> _SUPPLIED RECORDS_
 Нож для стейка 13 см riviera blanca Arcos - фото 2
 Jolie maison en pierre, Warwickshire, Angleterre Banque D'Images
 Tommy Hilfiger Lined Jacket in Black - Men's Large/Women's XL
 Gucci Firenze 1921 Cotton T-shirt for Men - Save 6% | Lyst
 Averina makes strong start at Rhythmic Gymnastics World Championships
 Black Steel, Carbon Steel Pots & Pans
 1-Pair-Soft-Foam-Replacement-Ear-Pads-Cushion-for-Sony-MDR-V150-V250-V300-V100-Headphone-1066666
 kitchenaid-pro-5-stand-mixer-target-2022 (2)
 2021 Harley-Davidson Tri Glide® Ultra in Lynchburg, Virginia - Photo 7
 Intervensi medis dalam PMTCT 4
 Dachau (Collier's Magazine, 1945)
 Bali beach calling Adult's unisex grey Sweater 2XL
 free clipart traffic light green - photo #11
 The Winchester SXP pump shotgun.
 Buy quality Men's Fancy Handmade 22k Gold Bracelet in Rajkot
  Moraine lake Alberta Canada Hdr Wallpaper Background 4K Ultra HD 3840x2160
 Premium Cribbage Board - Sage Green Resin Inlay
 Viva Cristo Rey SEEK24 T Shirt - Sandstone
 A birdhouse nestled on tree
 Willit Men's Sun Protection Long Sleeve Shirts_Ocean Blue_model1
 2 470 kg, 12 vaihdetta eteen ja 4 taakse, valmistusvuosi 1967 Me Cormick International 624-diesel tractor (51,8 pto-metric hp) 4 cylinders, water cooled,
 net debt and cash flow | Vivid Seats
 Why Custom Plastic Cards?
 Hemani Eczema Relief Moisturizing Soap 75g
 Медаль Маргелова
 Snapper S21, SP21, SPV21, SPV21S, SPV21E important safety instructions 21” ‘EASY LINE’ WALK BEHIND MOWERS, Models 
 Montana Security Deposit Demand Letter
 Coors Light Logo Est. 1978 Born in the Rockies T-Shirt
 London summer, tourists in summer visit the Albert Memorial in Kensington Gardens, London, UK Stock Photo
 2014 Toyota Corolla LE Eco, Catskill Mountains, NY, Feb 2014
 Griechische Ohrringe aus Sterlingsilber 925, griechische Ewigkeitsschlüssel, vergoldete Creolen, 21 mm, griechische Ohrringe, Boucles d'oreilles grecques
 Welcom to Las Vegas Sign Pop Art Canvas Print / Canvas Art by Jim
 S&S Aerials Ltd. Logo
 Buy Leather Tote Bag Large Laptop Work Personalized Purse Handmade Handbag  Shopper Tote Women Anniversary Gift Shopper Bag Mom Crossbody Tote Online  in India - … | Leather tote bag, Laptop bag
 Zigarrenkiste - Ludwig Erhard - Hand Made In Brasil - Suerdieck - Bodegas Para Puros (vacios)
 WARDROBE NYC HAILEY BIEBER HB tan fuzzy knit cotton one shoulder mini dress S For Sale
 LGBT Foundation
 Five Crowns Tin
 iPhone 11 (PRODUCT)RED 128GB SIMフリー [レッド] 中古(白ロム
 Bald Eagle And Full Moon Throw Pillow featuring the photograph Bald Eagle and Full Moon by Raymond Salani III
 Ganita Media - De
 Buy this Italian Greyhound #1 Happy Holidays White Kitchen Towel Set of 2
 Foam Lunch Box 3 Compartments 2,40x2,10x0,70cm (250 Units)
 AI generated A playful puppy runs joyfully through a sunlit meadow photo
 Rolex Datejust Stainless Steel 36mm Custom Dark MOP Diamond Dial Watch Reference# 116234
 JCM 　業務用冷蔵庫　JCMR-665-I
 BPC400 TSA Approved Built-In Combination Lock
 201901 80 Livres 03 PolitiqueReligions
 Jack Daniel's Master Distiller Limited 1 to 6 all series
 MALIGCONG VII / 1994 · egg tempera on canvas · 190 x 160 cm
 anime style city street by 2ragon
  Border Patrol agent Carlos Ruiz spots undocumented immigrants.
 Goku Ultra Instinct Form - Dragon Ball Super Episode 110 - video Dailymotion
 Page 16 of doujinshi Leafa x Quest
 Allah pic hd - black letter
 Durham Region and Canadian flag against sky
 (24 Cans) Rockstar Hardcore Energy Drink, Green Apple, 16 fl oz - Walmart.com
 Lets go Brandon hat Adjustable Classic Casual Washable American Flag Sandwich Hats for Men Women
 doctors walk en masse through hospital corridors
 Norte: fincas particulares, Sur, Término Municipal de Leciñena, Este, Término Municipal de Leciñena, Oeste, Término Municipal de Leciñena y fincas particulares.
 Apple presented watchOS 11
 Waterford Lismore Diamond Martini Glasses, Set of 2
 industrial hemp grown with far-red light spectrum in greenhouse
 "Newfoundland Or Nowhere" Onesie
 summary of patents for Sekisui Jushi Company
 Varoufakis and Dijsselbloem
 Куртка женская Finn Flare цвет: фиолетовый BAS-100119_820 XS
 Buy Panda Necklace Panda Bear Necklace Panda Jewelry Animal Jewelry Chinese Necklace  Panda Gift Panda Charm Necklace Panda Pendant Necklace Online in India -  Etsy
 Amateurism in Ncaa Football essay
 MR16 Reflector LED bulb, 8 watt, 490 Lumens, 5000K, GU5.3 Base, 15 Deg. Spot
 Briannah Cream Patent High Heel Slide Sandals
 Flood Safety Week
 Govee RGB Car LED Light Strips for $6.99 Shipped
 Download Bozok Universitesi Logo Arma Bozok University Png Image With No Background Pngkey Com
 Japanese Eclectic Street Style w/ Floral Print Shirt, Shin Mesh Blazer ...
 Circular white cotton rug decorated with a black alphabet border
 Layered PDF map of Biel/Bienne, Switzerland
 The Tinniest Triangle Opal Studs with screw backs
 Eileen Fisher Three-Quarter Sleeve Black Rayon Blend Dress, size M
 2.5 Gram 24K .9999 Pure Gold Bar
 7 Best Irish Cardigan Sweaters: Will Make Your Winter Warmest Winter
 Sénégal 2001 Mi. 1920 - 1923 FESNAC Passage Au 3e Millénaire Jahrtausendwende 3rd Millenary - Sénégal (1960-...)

> _ASSIGNED TASK_
Copy each entry exactly.

> _ANSWER BOX_
 Нож для стейка 13 см riviera blanca Arcos - фото 2
 Jolie maison en pierre, Warwickshire, Angleterre Banque D'Images
 Tommy Hilfiger Lined Jacket in Black - Men's Large/Women's XL
 Gucci Firenze 1921 Cotton T-shirt for Men - Save 6% | Lyst
 Averina makes strong start at Rhythmic Gymnastics World Championships
 Black Steel, Carbon Steel Pots & Pans
 1-Pair-Soft-Foam-Replacement-Ear-Pads-Cushion-for-Sony-MDR-V150-V250-V300-V100-Headphone-1066666
 kitchenaid-pro-5-stand-mixer-target-2022 (2)
 2021 Harley-Davidson Tri Glide® Ultra in Lynchburg, Virginia - Photo 7
 Intervensi medis dalam PMTCT 4
 Dachau (Collier's Magazine, 1945)
 Bali beach calling Adult's unisex grey Sweater 2XL
 free clipart traffic light green - photo #11
 The Winchester SXP pump shotgun.
 Buy quality Men's Fancy Handmade 22k Gold Bracelet in Rajkot
  Moraine lake Alberta Canada Hdr Wallpaper Background 4K Ultra HD 3840x2160
 Premium Cribbage Board - Sage Green Resin Inlay
 Viva Cristo Rey SEEK24 T Shirt - Sandstone
 A birdhouse nestled on tree
 Willit Men's Sun Protection Long Sleeve Shirts_Ocean Blue_model1
 2 470 kg, 12 vaihdetta eteen ja 4 taakse, valmistusvuosi 1967 Me Cormick International 624-diesel tractor (51,8 pto-metric hp) 4 cylinders, water cooled,
 net debt and cash flow | Vivid Seats
 Why Custom Plastic Cards?
 Hemani Eczema Relief Moisturizing Soap 75g
 Медаль Маргелова
 Snapper S21, SP21, SPV21, SPV21S, SPV21E important safety instructions 21” ‘EASY LINE’ WALK BEHIND MOWERS, Models 
 Montana Security Deposit Demand Letter
 Coors Light Logo Est. 1978 Born in the Rockies T-Shirt
 London summer, tourists in summer visit the Albert Memorial in Kensington Gardens, London, UK Stock Photo
 2014 Toyota Corolla LE Eco, Catskill Mountains, NY, Feb 2014
 Griechische Ohrringe aus Sterlingsilber 925, griechische Ewigkeitsschlüssel, vergoldete Creolen, 21 mm, griechische Ohrringe, Boucles d'oreilles grecques
 Welcom to Las Vegas Sign Pop Art Canvas Print / Canvas Art by Jim
 S&S Aerials Ltd. Logo
 Buy Leather Tote Bag Large Laptop Work Personalized Purse Handmade Handbag  Shopper Tote Women Anniversary Gift Shopper Bag Mom Crossbody Tote Online  in India - … | Leather tote bag, Laptop bag
 Zigarrenkiste - Ludwig Erhard - Hand Made In Brasil - Suerdieck - Bodegas Para Puros (vacios)
 WARDROBE NYC HAILEY BIEBER HB tan fuzzy knit cotton one shoulder mini dress S For Sale
 LGBT Foundation
 Five Crowns Tin
 iPhone 11 (PRODUCT)RED 128GB SIMフリー [レッド] 中古(白ロム
 Bald Eagle And Full Moon Throw Pillow featuring the photograph Bald Eagle and Full Moon by Raymond Salani III
 Ganita Media - De
 Buy this Italian Greyhound #1 Happy Holidays White Kitchen Towel Set of 2
 Foam Lunch Box 3 Compartments 2,40x2,10x0,70cm (250 Units)
 AI generated A playful puppy runs joyfully through a sunlit meadow photo
 Rolex Datejust Stainless Steel 36mm Custom Dark MOP Diamond Dial Watch Reference# 116234
 JCM 　業務用冷蔵庫　JCMR-665-I
 BPC400 TSA Approved Built-In Combination Lock
 201901 80 Livres 03 PolitiqueReligions
 Jack Daniel's Master Distiller Limited 1 to 6 all series
 MALIGCONG VII / 1994 · egg tempera on canvas · 190 x 160 cm
 anime style city street by 2ragon
  Border Patrol agent Carlos Ruiz spots undocumented immigrants.
 Goku Ultra Instinct Form - Dragon Ball Super Episode 110 - video Dailymotion
 Page 16 of doujinshi Leafa x Quest
 Allah pic hd - black letter
 Durham Region and Canadian flag against sky
 (24 Cans) Rockstar Hardcore Energy Drink, Green Apple, 16 fl oz - Walmart.com
 Lets go Brandon hat Adjustable Classic Casual Washable American Flag Sandwich Hats for Men Women
 doctors walk en masse through hospital corridors
 Norte: fincas particulares, Sur, Término Municipal de Leciñena, Este, Término Municipal de Leciñena, Oeste, Término Municipal de Leciñena y fincas particulares.
 Apple presented watchOS 11
 Waterford Lismore Diamond Martini Glasses, Set of 2
 industrial hemp grown with far-red light spectrum in greenhouse
 "Newfoundland Or Nowhere" Onesie
 summary of patents for Sekisui Jushi Company
 Varoufakis and Dijsselbloem
 Куртка женская Finn Flare цвет: фиолетовый BAS-100119_820 XS
 Buy Panda Necklace Panda Bear Necklace Panda Jewelry Animal Jewelry Chinese Necklace  Panda Gift Panda Charm Necklace Panda Pendant Necklace Online in India -  Etsy
 Amateurism in Ncaa Football essay
 MR16 Reflector LED bulb, 8 watt, 490 Lumens, 5000K, GU5.3 Base, 15 Deg. Spot
 Briannah Cream Patent High Heel Slide Sandals
 Flood Safety Week
 Govee RGB Car LED Light Strips for $6.99 Shipped
 Download Bozok Universitesi Logo Arma Bozok University Png Image With No Background Pngkey Com
 Japanese Eclectic Street Style w/ Floral Print Shirt, Shin Mesh Blazer ...
 Circular white cotton rug decorated with a black alphabet border
 Layered PDF map of Biel/Bienne, Switzerland
 The Tinniest Triangle Opal Studs with screw backs
 Eileen Fisher Three-Quarter Sleeve Black Rayon Blend Dress, size M
 2.5 Gram 24K .9999 Pure Gold Bar
 7 Best Irish Cardigan Sweaters: Will Make Your Winter Warmest Winter
 Sénégal 2001 Mi. 1920 - 1923 FESNAC Passage Au 3e Millénaire Jahrtausendwende 3rd Millenary - Sénégal (1960-...)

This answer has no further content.